Для приемов и совещаний в своем кабинете Гуго издевающе облачался в серый с отливом тугой костюм, верхнюю часть которого составлял не обычный пиджак, а чиновный сюртук ХIХ века с воротничком-стойкой, на котором серебряными нитями были вышиты эсесовские молнии. В этом одеянии Гуго со своим лысым черепом и торчащими, остроконечными, как у летучей мыши, ушами, напоминал – когда он привставал из своего огромного кресла на фоне горящего камина – персонажа черно-белых готических фильмов немецких экзистенциалистов. За эту театральность высшее руководство Ордена (втайне завидуя – потому что не могло позволить себе такой роскоши самоиронии и самолюбования) недолюбливало Клеменца; те же, кто был ему ровней, аплодировали – поскольку Гуго, в обычной жизни обыкновенный спортивный плейбой, первый, а значит, и единственный (так как никто не хотел бы унижаться плагиаторством) застолбил такой стиль. При этом – хотя и примитивно до смешного – но в этом была утрированная, перекошенная, но суть их организации.

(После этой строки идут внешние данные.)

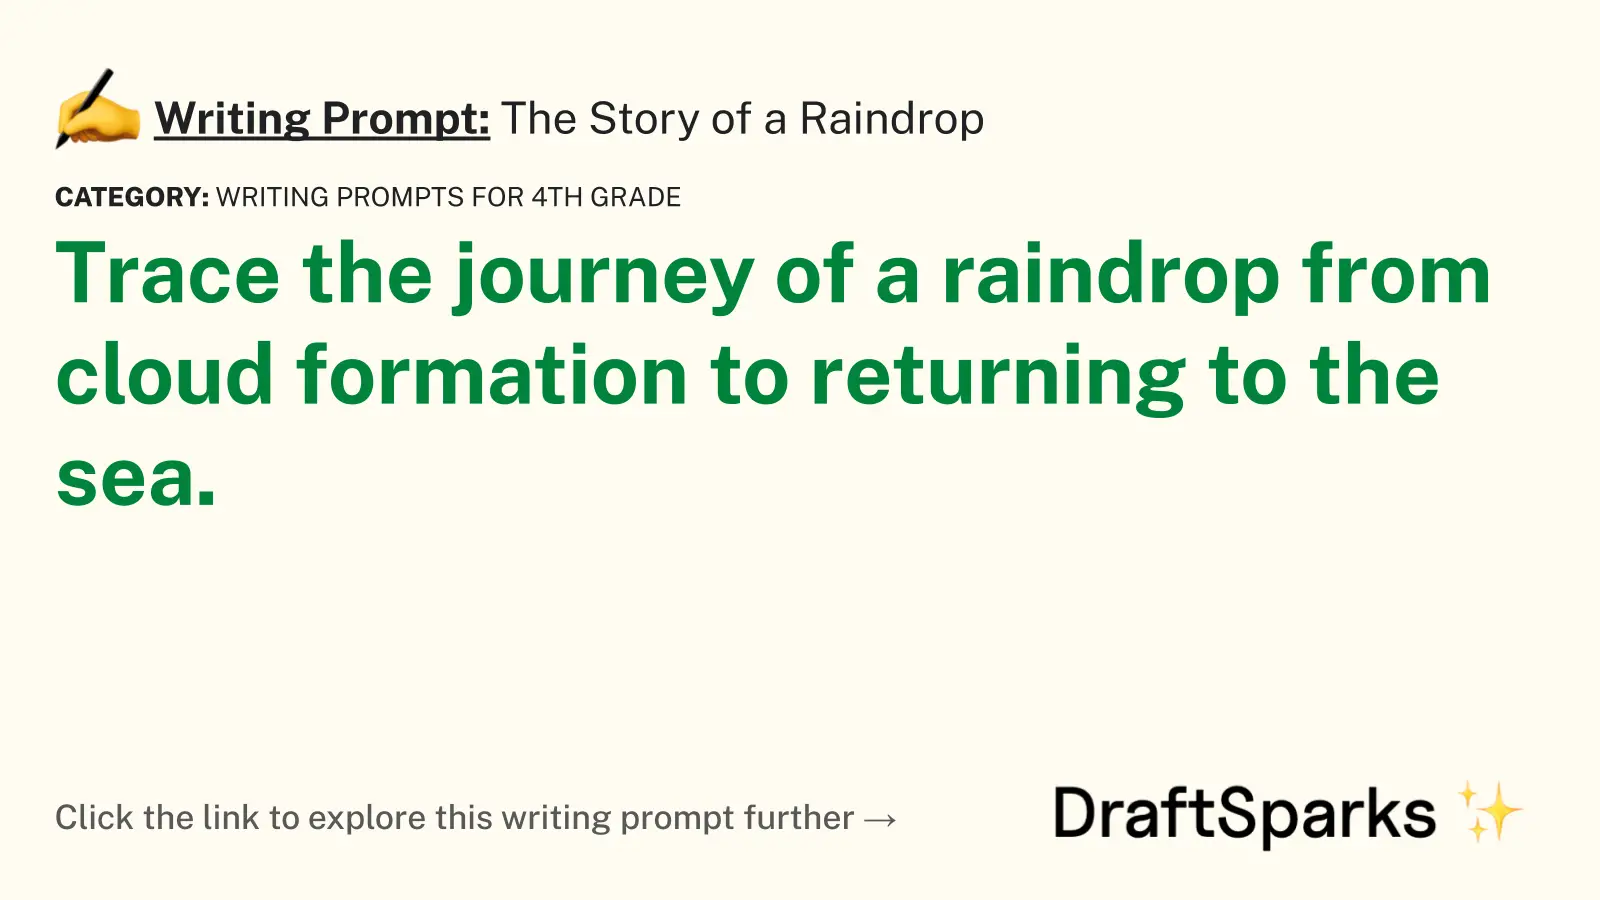 The Story of a Raindrop

– Итак, для чего ты прибыл в нашу штаб-квартиру? Не для того же, чтоб пропитаться средневековым духом и выдохнуть опостылевшую усадебную гармонию? —ироническим, шутейным тоном показал Гуго Александру, как он читает своего подчиненного.

– Гуго, ты, как всегда, как и положено старшему брату и наставнику, видишь все истинные намерения и помыслы,. – в тон ему ответил Фигнер.

– А если серьезно. Ты прослышал о начале набора для внешней работы?

– Да, по слухам… Где-то, вне Земли… что-то затевается… не совсем стандартное.

– Верно. Но формулируй точнее. Ты же офицер Ордена. Четкость и циничность. Ведь речь идет о разумном обитаемом мире – там мы ничего затевать не можем. Даже если нам бы позволили. Просто из соображений фундаментальной безопасности. Но в остальном контекст правильный. Речь не идет о подготовке площадки для старателей, геологов и энергетиков. Никакого защитного купола. И коммандос в чистом виде не нужны тоже. Всё это знакомо, и было бы проще.

– Но у тебя есть полномочия ставить в известность офицеров моего ранга? – осторожно поинтересовался Фигнер.

– Твоего ранга – да, – ответил Клеменц. – И больше того, у меня есть полномочия выбирать кого ставить в известность, а кому отказать в информации. Но ты сам понимаешь, вся эта прелюдия была бы невозможной, если бы я уже не решил тебя проинформировать и озадачить, – делово и сухо заключил Гуго.

– Господин капитан, я внимательно слушаю.

– Не пережимай с субординацией и официальностью, – подправил Фигнера Клеменц. – До конкретных приказов еще как до последней обнаруженной планеты с атмосферой…

Гуго примолк, оперся локтями в свой черный стол и скользящим взглядом окинул Фигнера:

– Сколько я тебя знаю, тебя нельзя назвать профессиональным интеллектуалом…

– Спасибо. Это хорошо или плохо?

– Это хорошо. Потому что твоя психика не должна подвергаться внутреннему раздражению. И у тебя есть спецподготовка, чтобы сделать свою работу и прагматично зафиксировать то, что мы хотим узнать и понять. В этом есть логика и правда жизни: нам нужны люди, которые понятно, без своих философских умозрений и этических затруднений, донесли бы до нас то, что мы хотели бы как раз отвлеченно и философски осознать. С этой стороны мы с мирозданием еще не сталкивались.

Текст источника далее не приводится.